6 March 2021

Four flashpoints in the China-US cold war


First in a five-part series on countries at the center of the U.S.-China rivalry. Read part two here.

Great-power competitions have the feel of one-on-one duels: Athens vs. Sparta, Rome vs. Carthage, Moscow vs. Washington. Yet they are also struggles for the loyalties of those caught between the contenders, which means that the choices of lesser states can determine the fate of superpowers.

During the Napoleonic wars, London eventually triumphed by orchestrating a winning coalition of countries menaced by the French juggernaut. During the Cold War, the support of the “free world” was America’s decisive advantage: The benefits conveyed by alliances with some of the world’s most dynamic countries gave Washington the edge over Moscow and its coalition of impoverished satrapies. Few lessons of the past are more relevant today.

A new global rivalry, between America and China, is remaking supply chains, reshaping the world’s strategic geography, and raising the specter of a devastating great-power war. As during the Cold War, countries from Oceania to Latin America are being pressured to pick sides, insulate themselves from competitive pressures, or otherwise find protection in a fragmenting world.

These countries are strategic prizes as Washington and Beijing maneuver for advantage, but they are also strategic actors in their own right. The choices they make — how they vote in the United Nations; which provider of 5G technology they select; whom they support and whom they resist — may well decide who wins this century’s defining contest.

Both the reigning superpower and the aspiring superpower have tailored their strategies accordingly. For the U.S., the strategic calculus is simple: Washington cannot balance Chinese power in the Indo-Pacific, prevent autocrats from winning the battle of ideas and the struggle to shape technological innovation, or otherwise blunt Beijing’s revisionist challenge without rallying a diverse coalition of states — or, perhaps, multiple overlapping coalitions of states — to the cause.

China, conversely, can control its geopolitical neighborhood, assert dominant influence on the vast Eurasian landmass, and dethrone the U.S. geopolitically only if it isolates America from its friends. President Xi Jinping is also determined to create blocs of countries that are technologically and economically dependent on Beijing, and thus unable to oppose its geopolitical ascent.

This is the first of a series of columns about four pivotal states — key countries on the frontlines of the U.S.-China rivalry. Germany, Djibouti, India and the Philippines are located thousands of miles apart; they occupy very different strategic places in the Sino-American relationship, as well. One could argue that other countries — Russia, Singapore, the U.K., Japan, Australia — are just as important. Yet the four countries chosen here are crucial, in one way or another, to the course of the U.S.-China rivalry. There remains some uncertainty, albeit of varying degrees, about how these four states will align themselves. And their stories illustrate a few common themes about how that rivalry is unfolding.

The first is how multifaceted modern competition is. The U.S.-China struggle involves the balance of internet norms and political ideas as well as the balance of military power and trade. It is unfolding in international organizations as well as the industries of the future. Its key weapons range from strategic corruption to infrastructure investment. The contest for the pivotal states is thus taking many forms and is occurring in many realms of statecraft.

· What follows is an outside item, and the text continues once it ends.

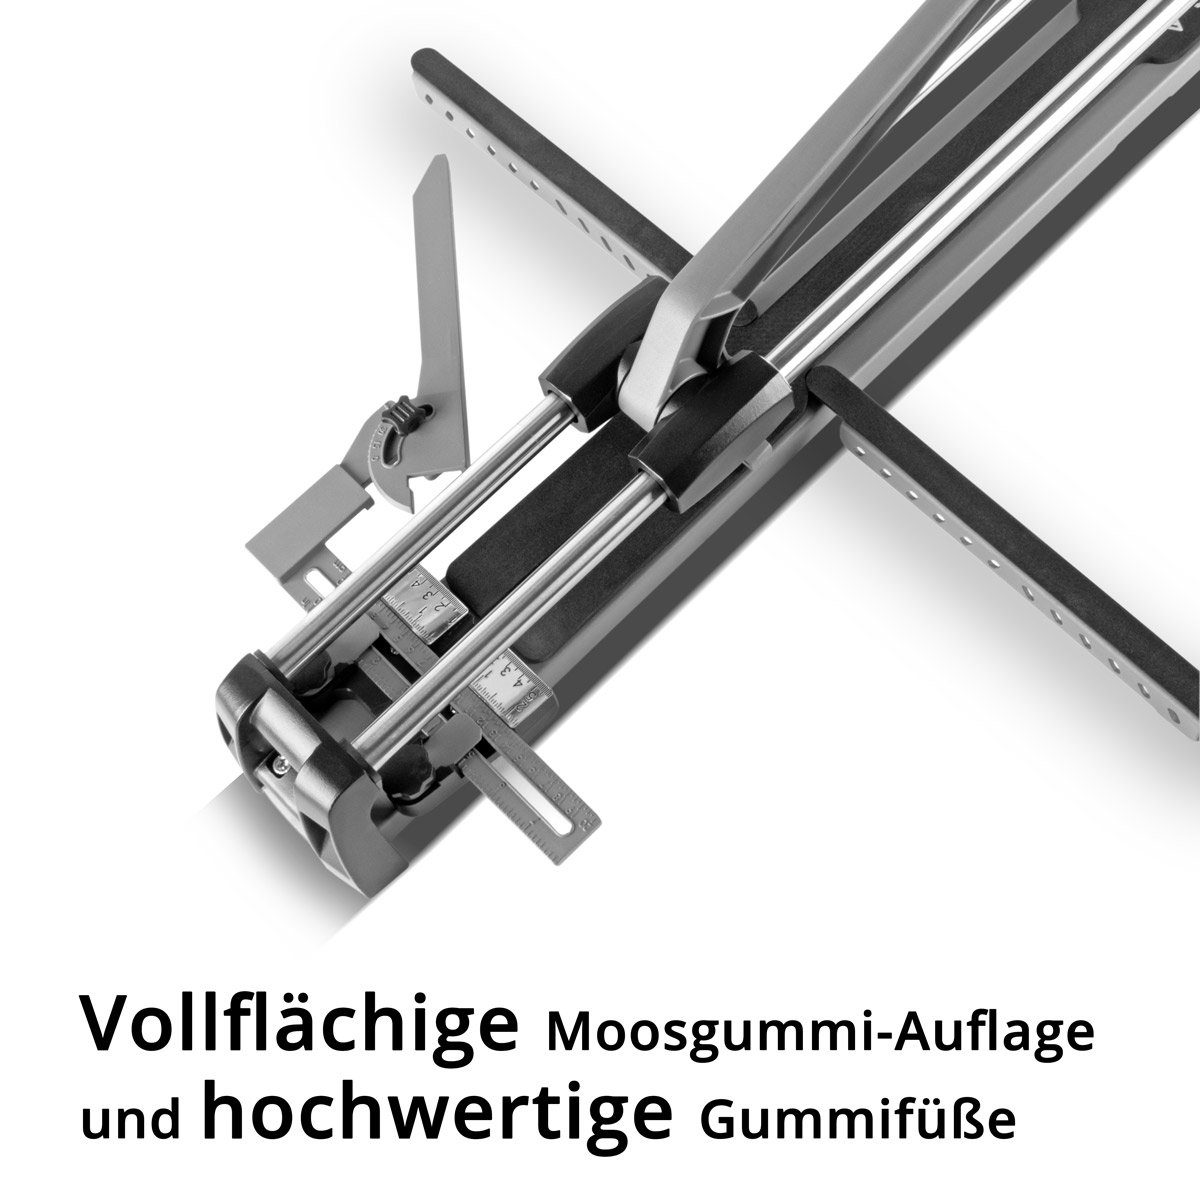 STAHLWERK Fliesenschneider Profi Fliesenschneider 2-tlg. mm mit 800 mm, Schnittlänge, Schnittlänge max.: Packung, 80

Second, the frontlines of the Sino-American competition are everywhere — there are pivotal states all over the world. Yes, war is most likely to break out along China’s immediate periphery, perhaps in the Taiwan Strait or along the border with India. But Beijing’s ambitions and economic power have carried its influence into nearly every continent. The critical action, on any given day, is as likely to be occurring in Central European boardrooms as on naval vessels in the Western Pacific.

Third, the pivotal states are not simply pawns or proxies pushed about by Washington and Beijing. Some are playing the two sides against each other; others are seeking a third way in an increasingly bipolar world; some are leaning toward one camp or the other. But all are pursuing their own strategies amid a fraught geopolitical environment, and their decisions will shape the Sino-American rivalry just as thoroughly as the choices of smaller powers determined which superpower won the Cold War.

Finally, the U.S. faces a harder road in this contest than many Americans realize. China’s global favorability ratings have taken a swan dive due to its role in the Covid-19 epidemic and the brutish tendencies of the Communist regime. But Beijing wields a combination of economic carrots and coercive sticks more impressive than anything the Soviet Union commanded; it has made inroads not simply with developing countries but with some of America’s key allies.

“We are in the midst of a fundamental debate about the future direction of our world,” Joe Biden declared at last week’s Munich Security Conference, between rival superpowers that represent rival systems of government. For generations, America has been an unbeatable competitor because it leads a free-world posse that gives it a preponderance of global power. Yet if Washington can’t keep the pivotal states onside in the coming years, it may get a bitter education in what it is like to lose a great-power rivalry.